Removing tongue from cheek, there are indeed relevant differences between the various options and such discussion is not empty of benefit, but all the major and well-known translations are generally very good and the benefits of one over another are relatively slight. Yet the marketers are not content with this, seeking to create artificial scarcity to generate an economy of fear and desire (and sell more units), and so claims are made that cannot possibly be true of any one translation.
The question of which translation is the "best" is context-dependent. It depends who is reading and for what purpose (and sometimes even the passage in question). The ideal study version for a scholar is going to be different to the ideal version for children and those still learning English. The merits of different approaches shine in different contexts.
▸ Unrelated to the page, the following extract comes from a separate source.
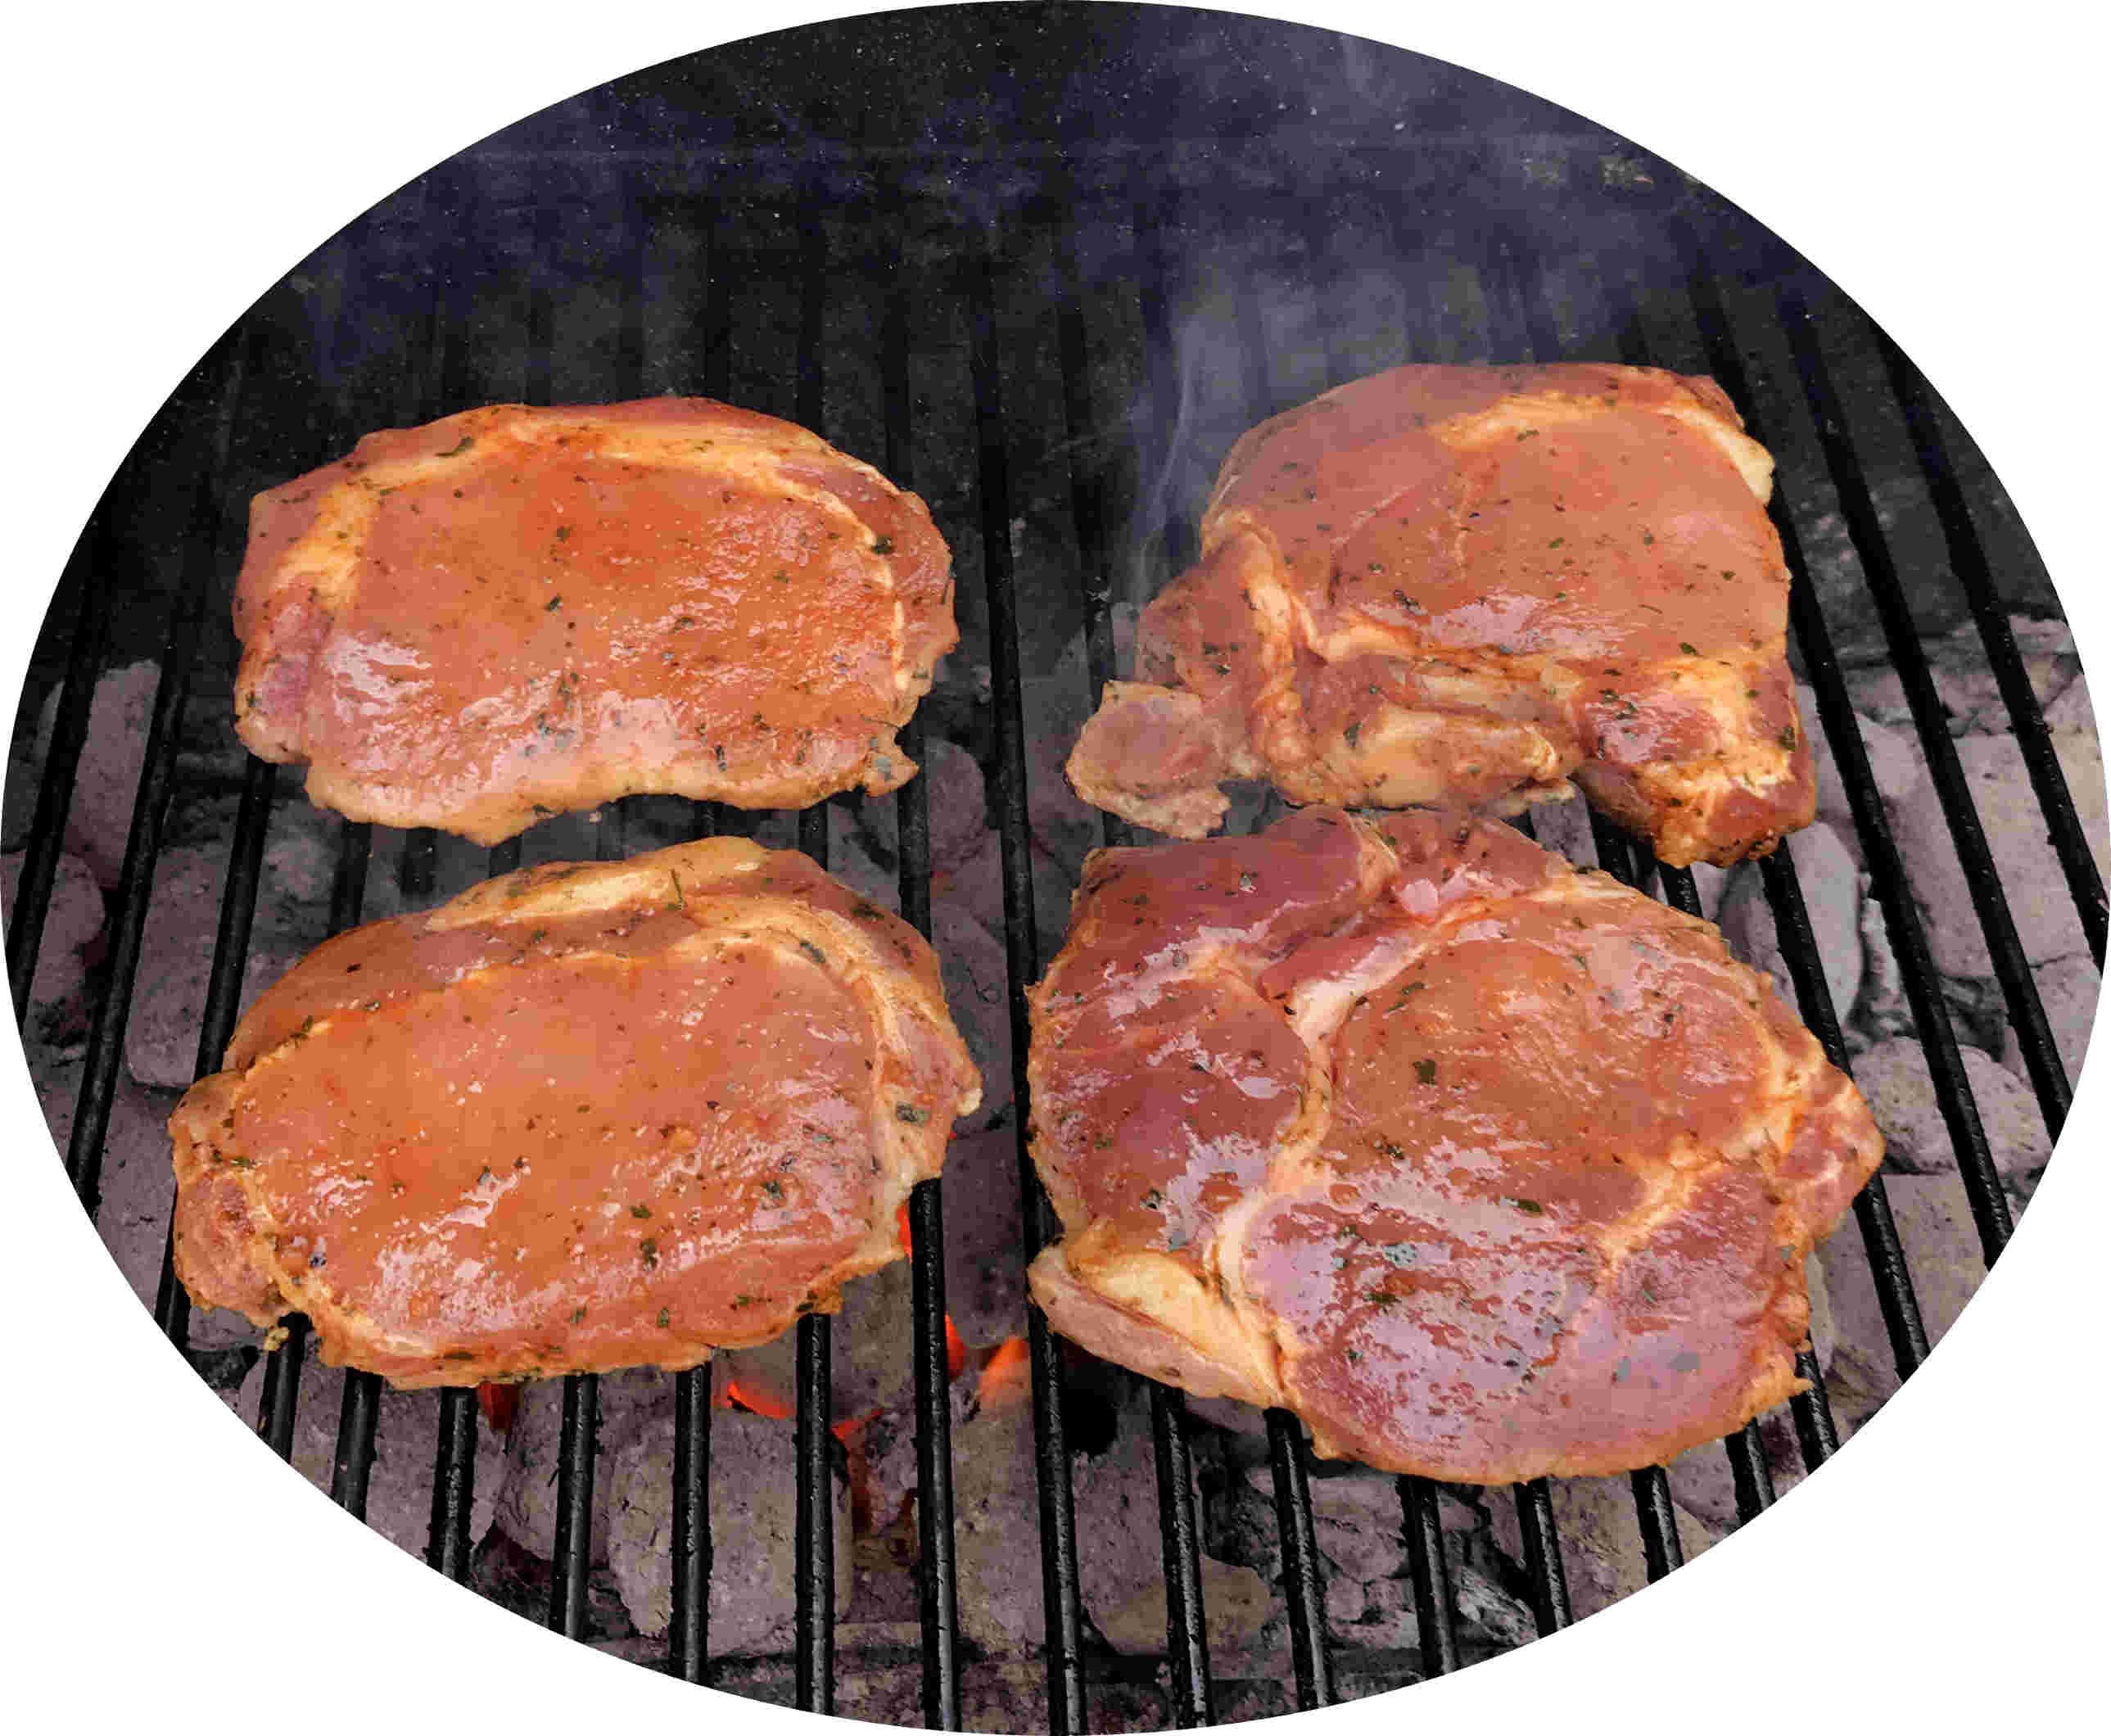 Langes Kotelett mariniert ohne Knochen vom BIO-Schwein, ca. 0,6 kg

And this is how it ought to be. The search for the perfect English Bible is a chasing after the wind. The Scriptures may be venerated, but not worshipped. The are holy, but not themselves divine. We are happy to translate them because their value ultimately lies not in the words, but in the word they communicate, that is, in their message, the good news about Jesus. The words are our access to this word, and it is our delight to pay close attention to them (and for some to work hard at the difficult and imperfectible task of translation), but in the end we pay attention because they point to the life, death, resurrection and ascension of the one who is the true Word.
But don't take my word for it, read this excellent piece by a translator of Holy Scripture with years of experience in the craft.
Or better still, follow the simple advice that transformed the life of Saint Augustine: take and read.